- Born: 1989 or 1990 (age 35–36) Iran
- Occupations: Product Designer and Technologist
- Website: Official website

= Roya Ramezani =

Roya Ramezani (رؤیا رمضانی) is an Iranian designer and women's rights campaigner. She was selected for the BBC's 100 Women programme in 2017.

==Career==
Roya Ramezani was born in Northern Iran and was raised in Tehran, but moved to Toronto, Canada, at the age of to be with her extended family and study. She studied at three different universities, including York University and the School of Visual Arts in New York City. She began to work in a diverse team in Silicon Valley as an intern at Google, but realised that the women in the team were not interacting in meetings to the same degree as their male counterparts. This led to her thesis at SVA entitled "Exponent: Amplifying the Female Voices in Tech Discourse". Inspired by the Hansen Writing Ball, she developed a new keyboard to empower women to use more strong language by reducing the size of the keys and adding full-word shortcuts such as "claim", "disagree" and "insist". She moved to San Francisco, California, where she started working for JPMorgan in their branch innovation team.
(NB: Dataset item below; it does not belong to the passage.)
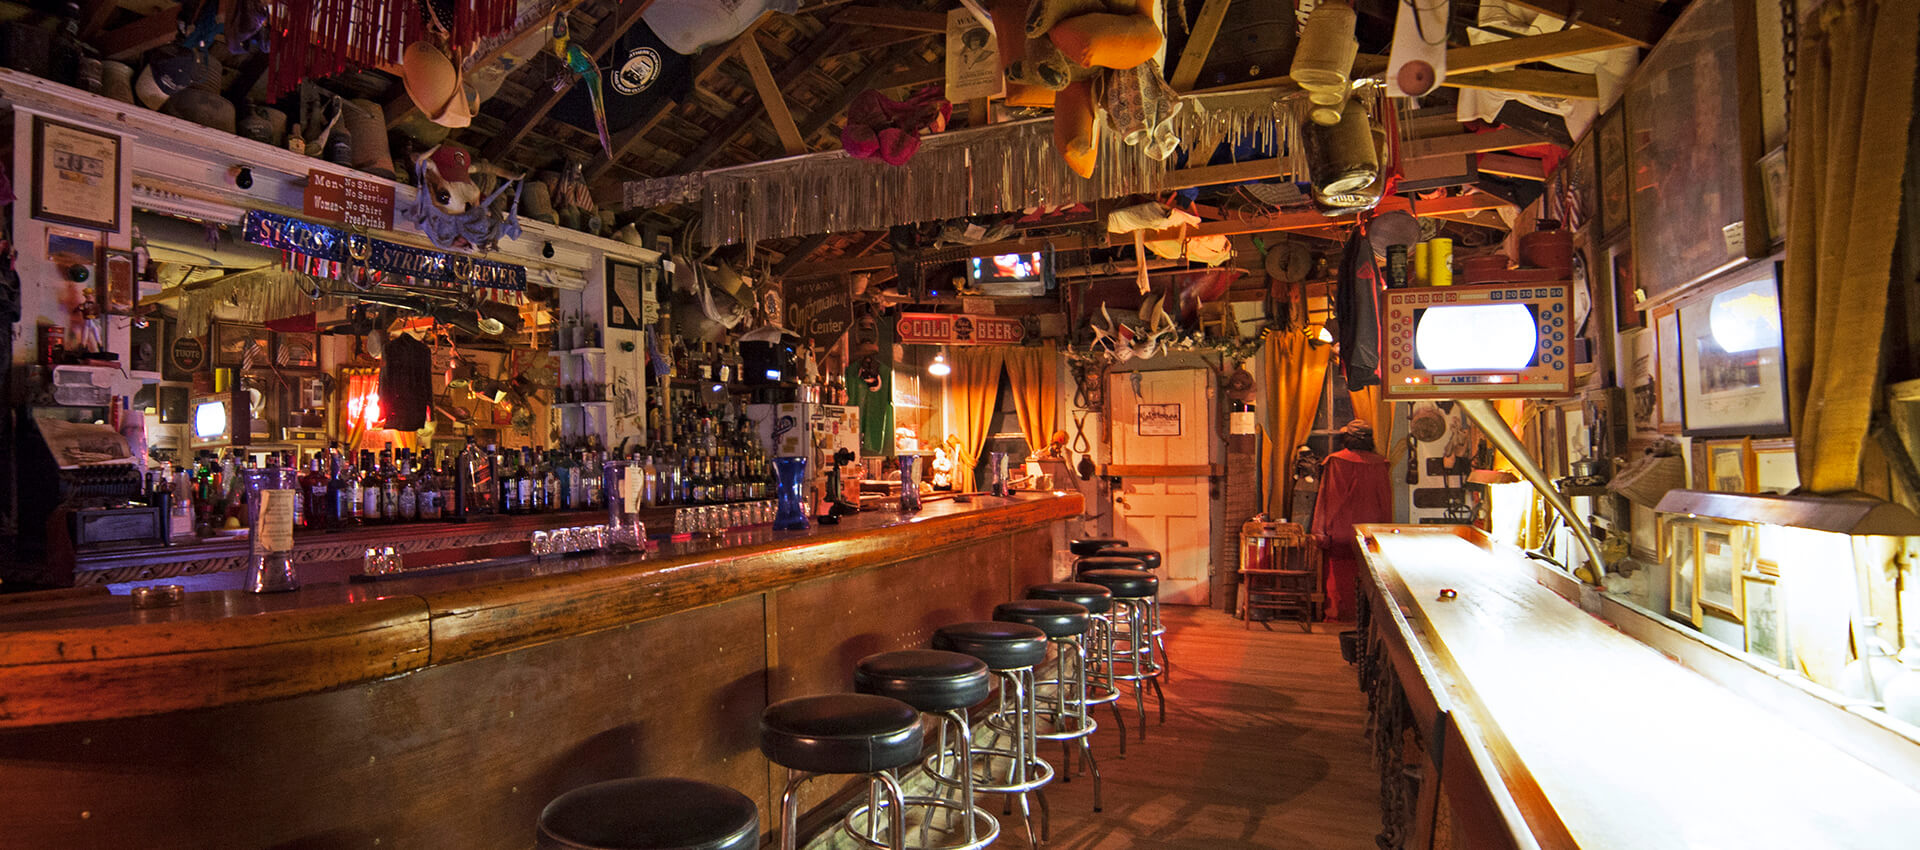 Sagebrush Saloons, Historic Bar, Historic Saloons, Nevada bar, Nevada saloon

She was named to the BBC's 100 Women programme in 2017. As part of this, she spoke at an event at the Computer History Museum in Mountain View, California, about the issues faced by women in the field of technology development. This included developments in wearable technology and augmented reality. Ramezani's work in this area has been praised by her bosses at JPMorgan.

Ramezani also created an art installation in Palo Alto, California, which was unveiled on October 5, 2017, the same day as the initial news story on the Harvey Weinstein sexual misconduct allegations. The artwork, built on an a-frame, featured the hashtag "#Me Too". This hashtag had originally been coined in 2006 by Tarana Burke, although Ramezani said the inspiration for her work had come from a sexual assault she suffered while at a university and the response from her friends. In the days after the installation, the actress Alyssa Milano used the hashtag in relation to Weinstein, causing it to go viral.